Support Vector Machine (SVM)
데이터 포인트를 분류하기 위해 클래스 간의 최대 마진을 확보하는 초평면을 찾는 지도 학습 알고리즘
패턴 인식, 자료 분석을 위한 지도 학습 모델이며, 주로 분류와 회귀 분석을 위해 사용한다. 두 카테고리 중 어느 하나에 속한 데이터의 집합이 주어졌을 때, SVM 알고리즘은 주어진 데이터 집합을 바탕으로 하여 새로운 데이터가 어느 카테고리에 속할지 판단하는 비확률적 이진 선형 분류 모델을 만든다. 만들어진 분류 모델은 데이터가 사상된 공간에서 경계로 표현되는데 SVM 알고리즘은 그 중 가장 큰 폭을 가진 경계를 찾는 알고리즘이다.
Hyperplane
Hyperplane
-
P 차원에서의 Hyperplane 은 P-1 차원에서의 Flat한 Affine space (동족 좌표계)
-
Ex. 2-dimensional 에서의 hyperplane 은 line, 3-dimensional 에서는 surface
- $b+w_{1}X_{1}+w_{2}X_{2}+…+w_{p}X_{p}=b~+<w,X>=0$
- $b~+<w,X>=0$. It means
- Dot on the hyperplane : $f(x)=0$
- Between line to dot (0,0) : $\frac{|\beta_{1}\cdot a+\beta_{2}\cdot b-\sigma|}{\sqrt{(\beta_{1})^{2}+(\beta_{2})^{2}}}$
- Between line to dot (0,0) : $f(x)<0$, opposite : $f(x)>0$
- $w=(w_{1},w_{2},…,w_{p})$의 normal vector 는 hyperplane 과 orthogonal direction을 의미
Separating Hyperplane
- $f(X)=b+w_{1}X_{1}+w_{2}X_{2}+…+w_{p}X_{p}$
- $f(X)>0$ 인 점들과 $f(X)<0$ 인 점들을 분류
- $Y_{i}\cdot f(X_{i}) >0~\textrm{for all}~i$
- $f(X)=0$ 은 separating hyperplane을 의미
Maximal Margin Classifier
- Among every separating hyperplane, Figure out maximize gap or margin between binary classes
- It called Support Vector that sample what have an effect on hyperplane (결정 경계)
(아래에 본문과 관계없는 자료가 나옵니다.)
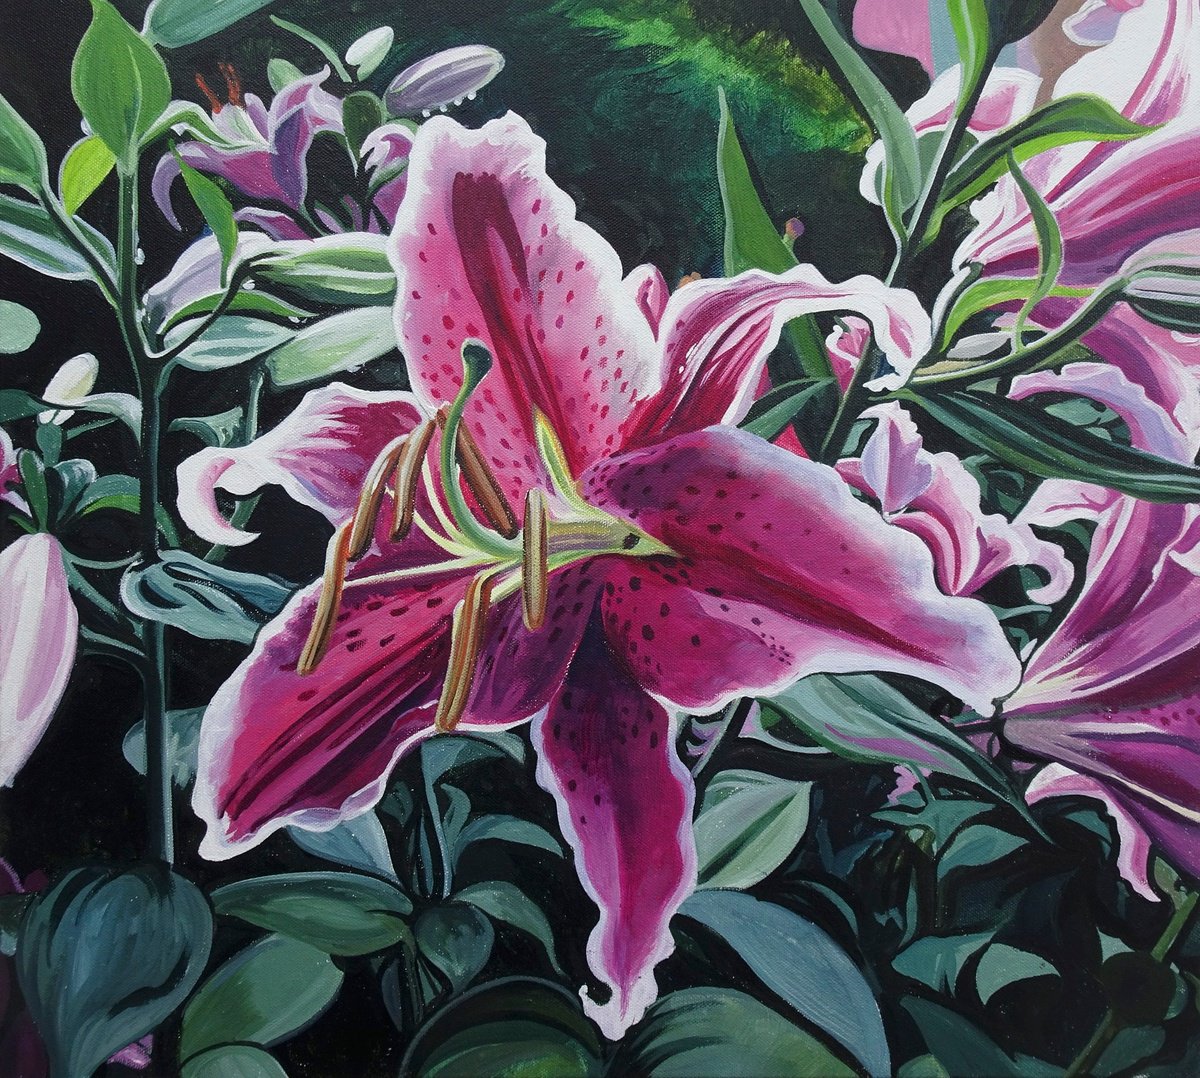 Stargazer Lilies by Joseph Lynch

- $\underset{b,w_{1},…,w_{p}}{\textrm{max}}M, \textrm{subject to}~M_{i}\geq M \textrm{ for all }i=1,…,N$ (subject to = 제약 조건)
- ⇒ $\textrm{suject to }M_{i}={\frac{y_{i}(b+w_{1}x_{i 1}+…+w_{p}x_{ip})}{||w||}}$
- ⇒ $\underset{w,b}{\textrm{max}}{\frac{\hat{M}}{||w||}}$, $\textrm{subject to }y_{i}(b+w_{1}x_{i 1}+…+w_{p}x_{ip})\geq{\hat{M}=M||w||}, \textrm{ for all }i=1,…,N$
- ⇒ $\underset{w,b}{\textrm{max}}\ \frac{1}{||w||}\ \textrm{subject to}\ y_{i}(b+w_{1}x_{i 1}+\ldots+w_{p}x_{ip})\geq 1,\ \textrm{for all}\ i=1,\ldots,N$
- $\therefore~{\underset{w,b}{\textrm{min}}\frac{||w||^{2}}{2}}$, $\textrm{subject to }y_{i}(b+w_{1}x_{i 1}+…+w_{p}x_{ip})\geq 1,\textrm{ for all }i=1,…,N$
Lagrange Multiplier Method
constraint 이 있는 optimization problem 을, Lagrange multiplier term 을 추가해, constraint (subject) 없는 문제로 바꾸는 method
- Primal problem (원초 문제)
- $\underset{x}{\textrm{min}}~c^{T}x. \textrm{ subject to }Ax=b, ~Gx \leq h$
- Lagrange multiplier vector $u$ 와, $v \geq 0$ 을 도입해 Lagrange function $L$ 을 만듦
- $L(x,u,v) = c^Tx+u^T(Ax-b)+v^T(Gx-h) \leq c^Tx$
Lagrange Multiplier Method
- $f^*\geq \underset{x}{\textrm{min}} ~L(x,u,v)= \underset{x}{\textrm{min}}~c^Tx+u^T(Ax-b)+v^T(Gx-h)=g(u,v)$
- $f^*$ = optimized ($c^Tx$) value
- $g(u,v)$를 Lagrange Dual Function 라고 함
- Partial differentiation 의 results 가 0이 되는 point 에서 minimized 된 값을 가짐
- $\frac{\partial L}{\partial x}=c^T+u^TA+v^TG=0$
- $c=-A^Tu-G^Tv$
- $L(x,u,v)=-u^Tb-v^Th=g(u,v)$
Duality gap
- $f^* \geq \underset{x}{\textrm{min}} ~L(x,u,v)=g(u,v)$
- $g(u,v)$를 maximize 하는 것은 primal problem 의 optimum value 으로 approaching 하는 것
- between u, v 의 gap 이 existence 하면 week dual, non-existence 하면 strong dual ($f^*=g(u,v)$)
Lagrange Dual problem
- change minimize to maximize problem. (dual (max) ↔ primal (min))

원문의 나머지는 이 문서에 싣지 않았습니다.